TASK REQUIREMENTS
Every line between the one containing "Mondo convenienza - Arredamento, mobili" and the last line of the data, both included, is to be set down exactly, and pictures are to be omitted.

EXERCISE DATA
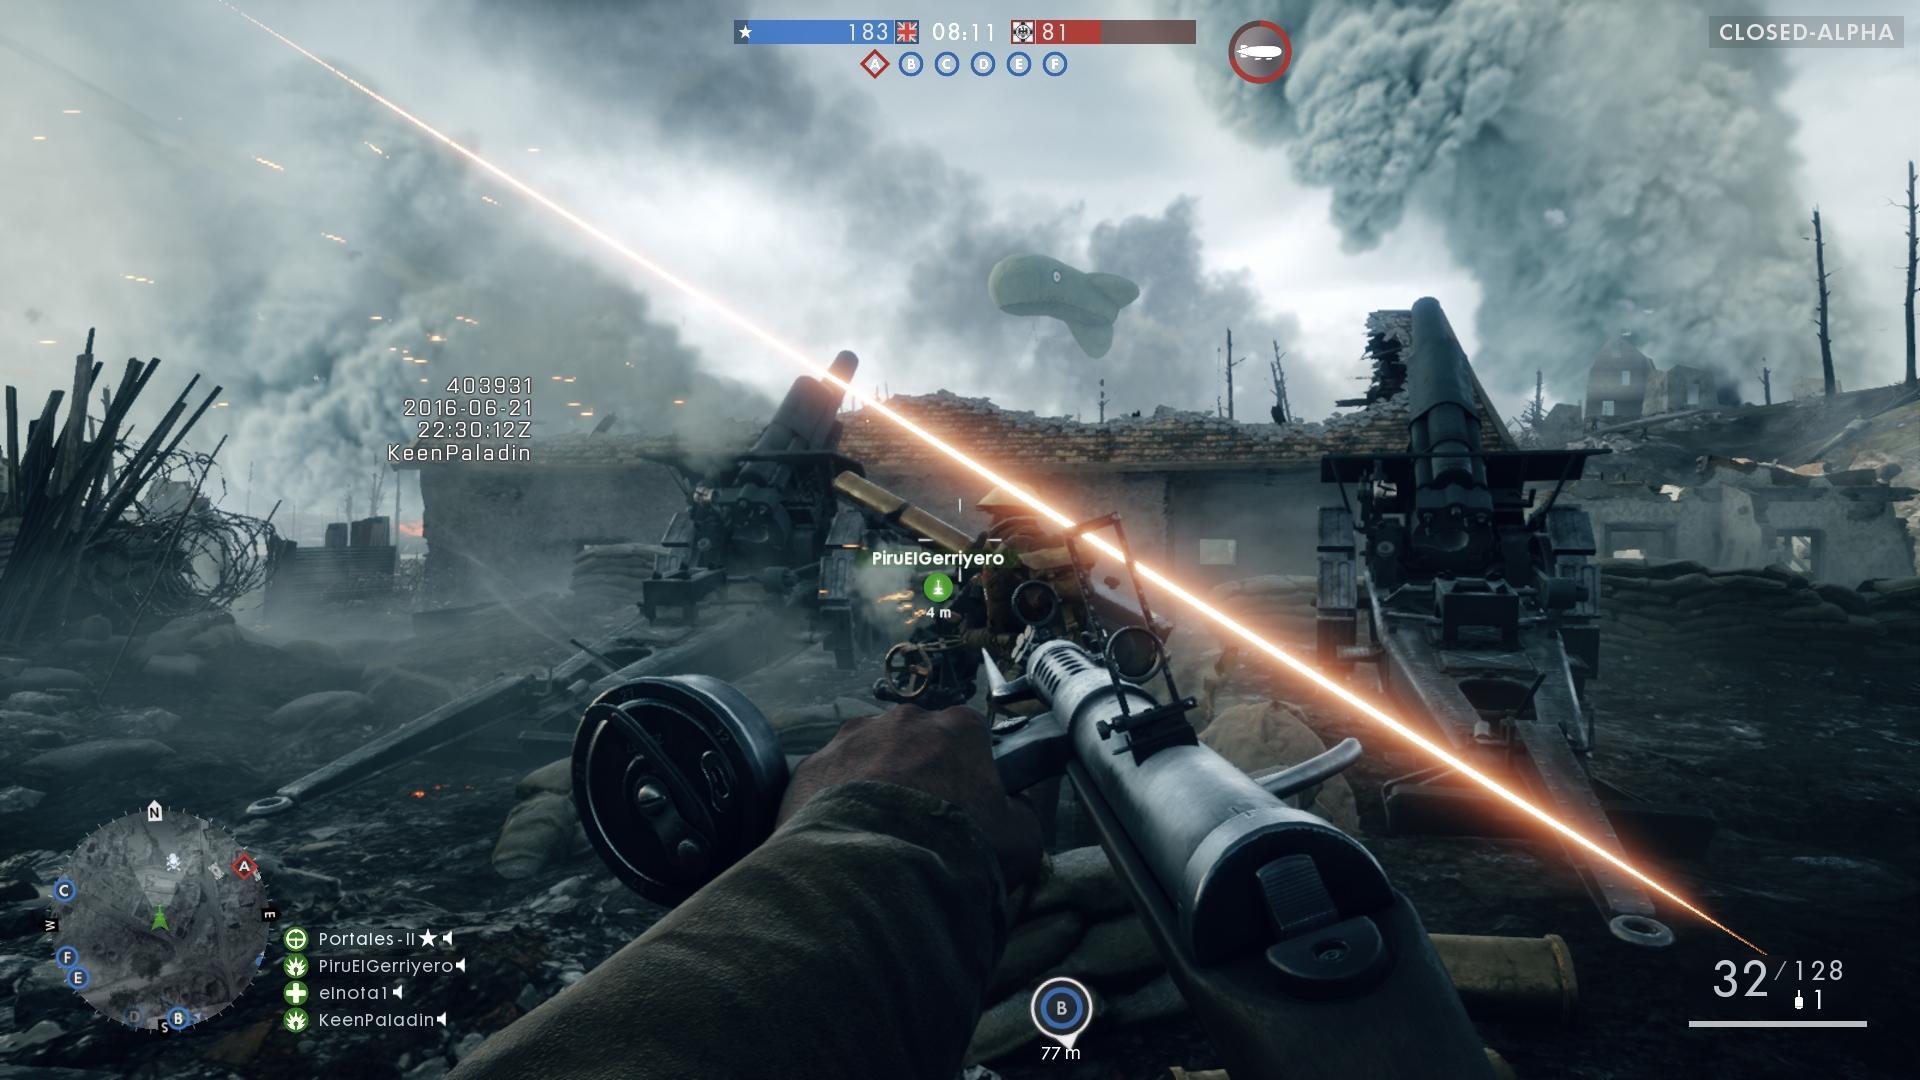 Появилось видео-сравнение геймплея Battlefield 1 на PS4 и PS4 Pro
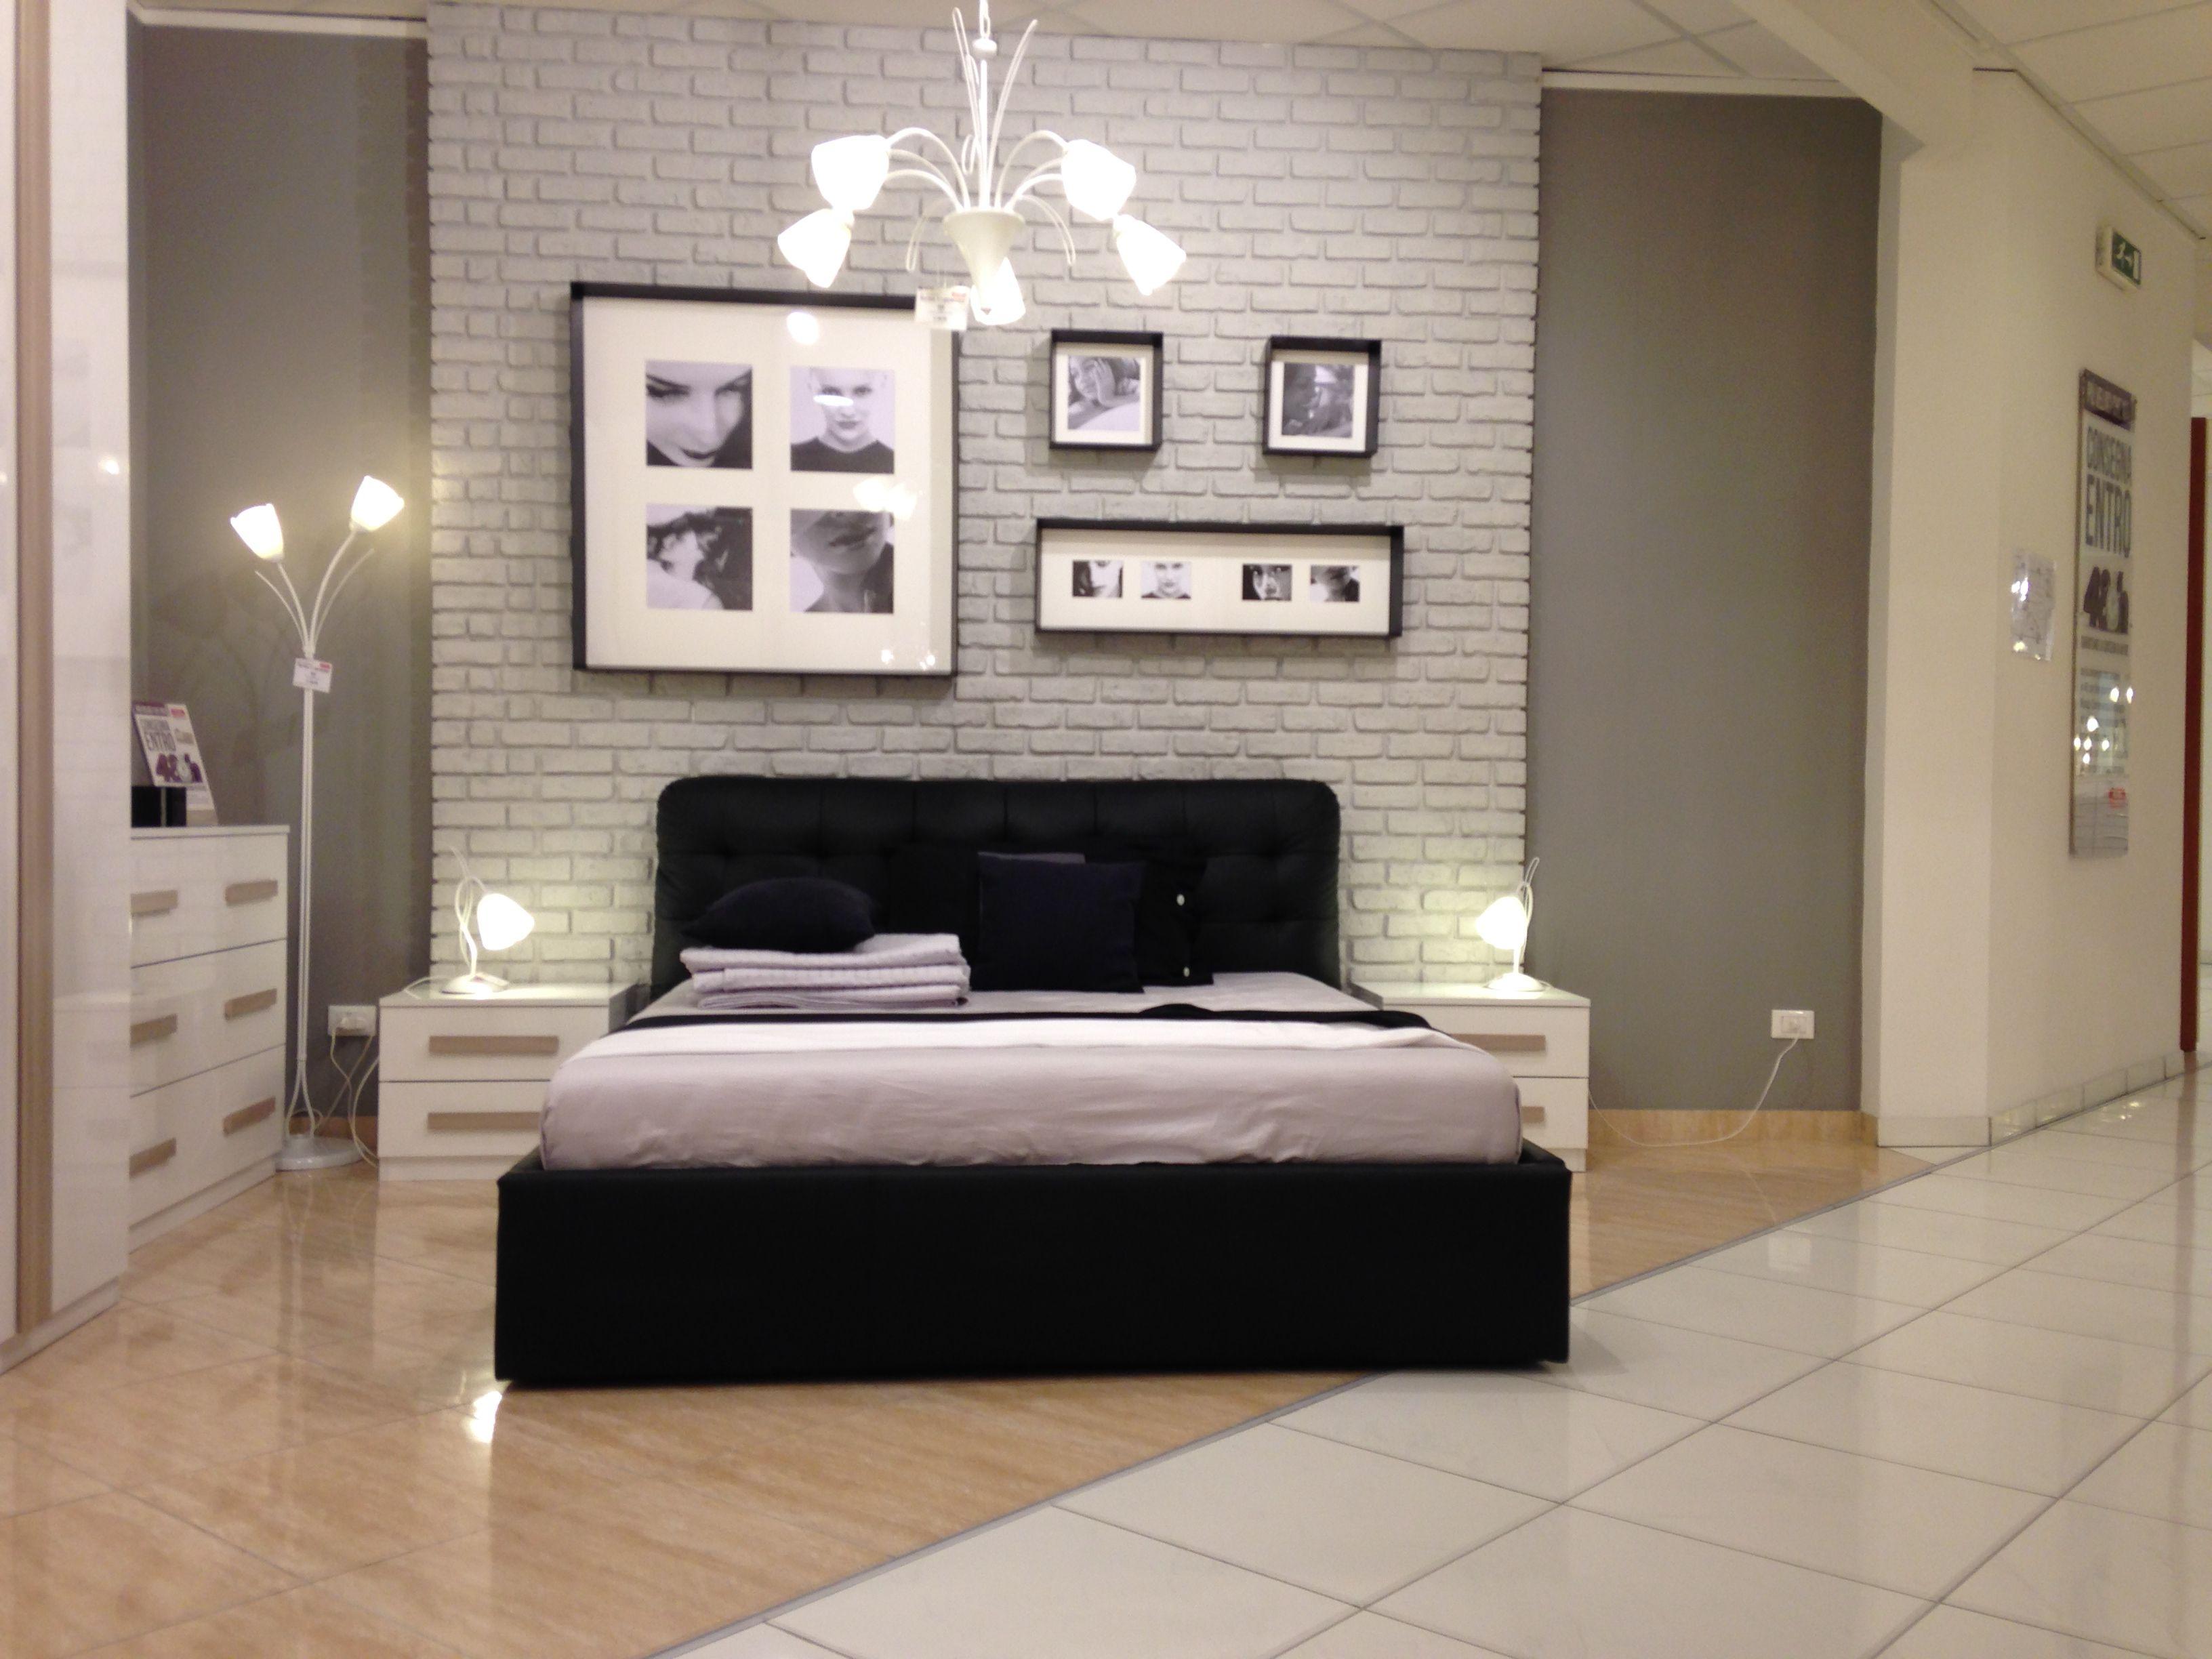 Mondo convenienza - Arredamento, mobili e accessori per la casa ...
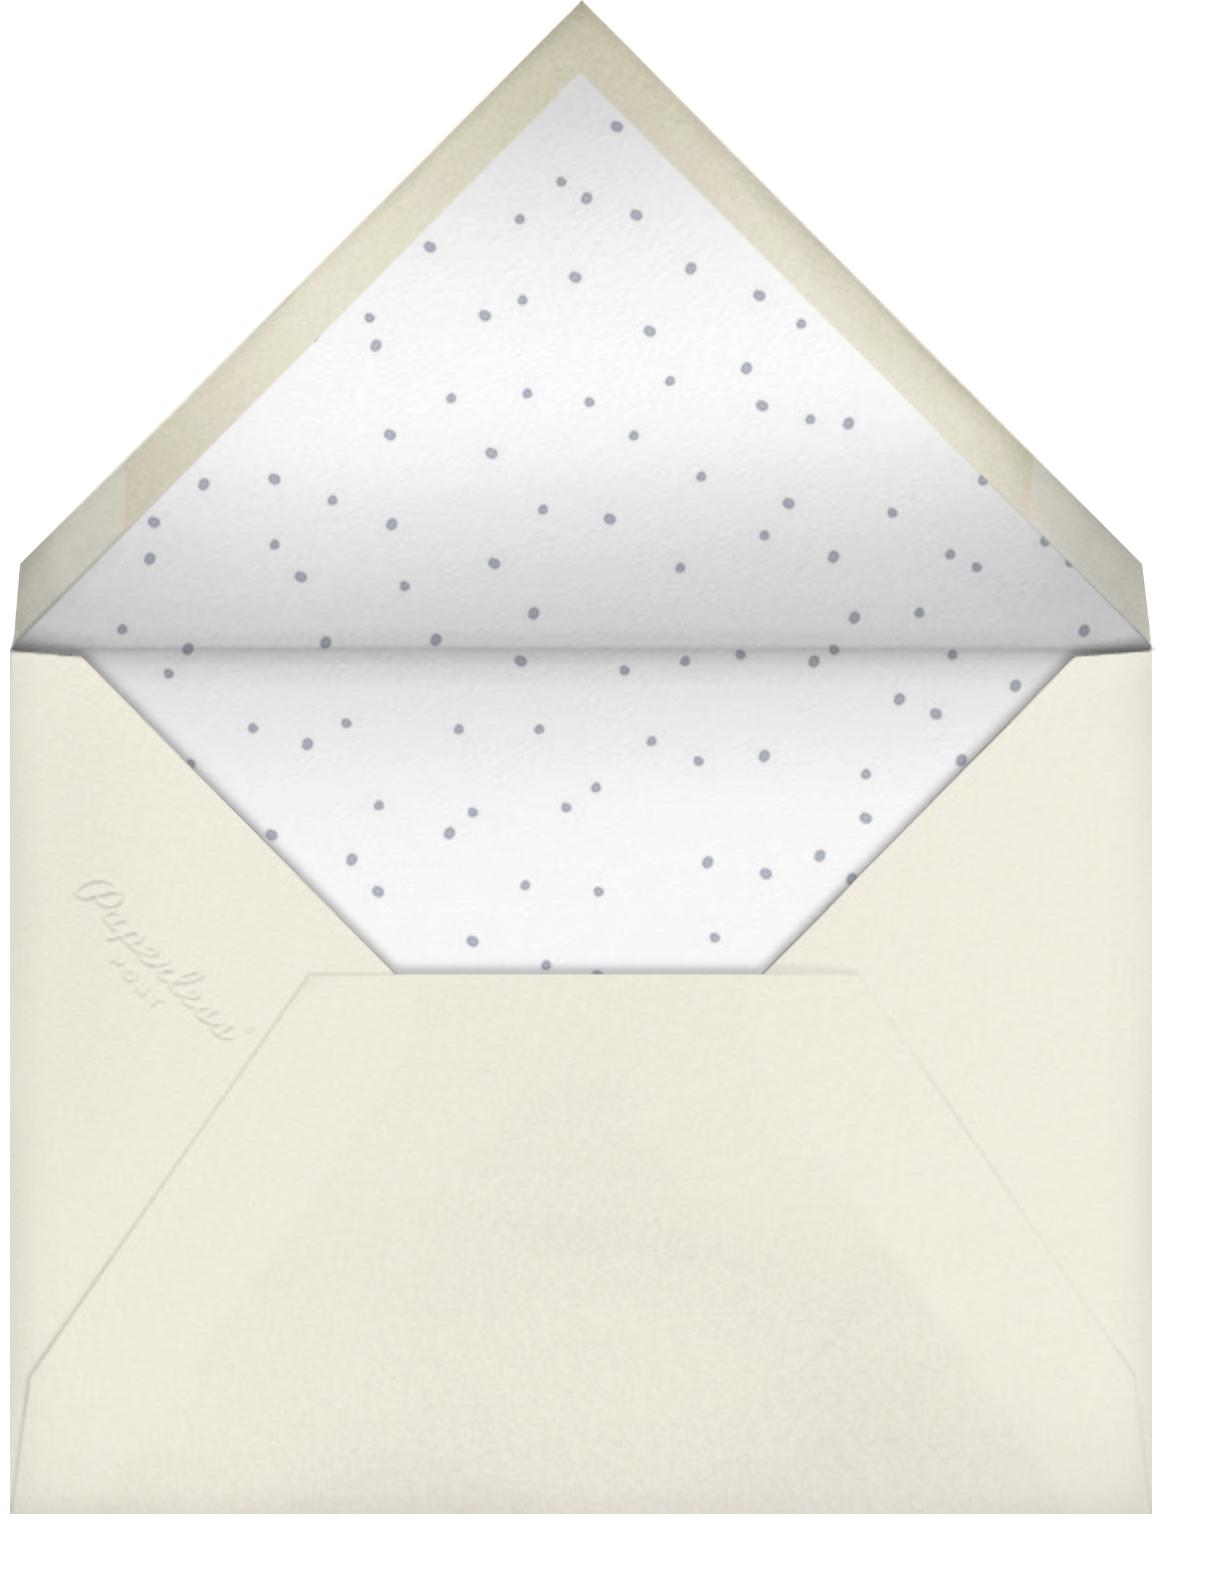 Ellie's Splash - Little Cube - Baby shower - envelope back

ANSWER TO THIS PROBLEM
 Mondo convenienza - Arredamento, mobili e accessori per la casa ...
 Ellie's Splash - Little Cube - Baby shower - envelope back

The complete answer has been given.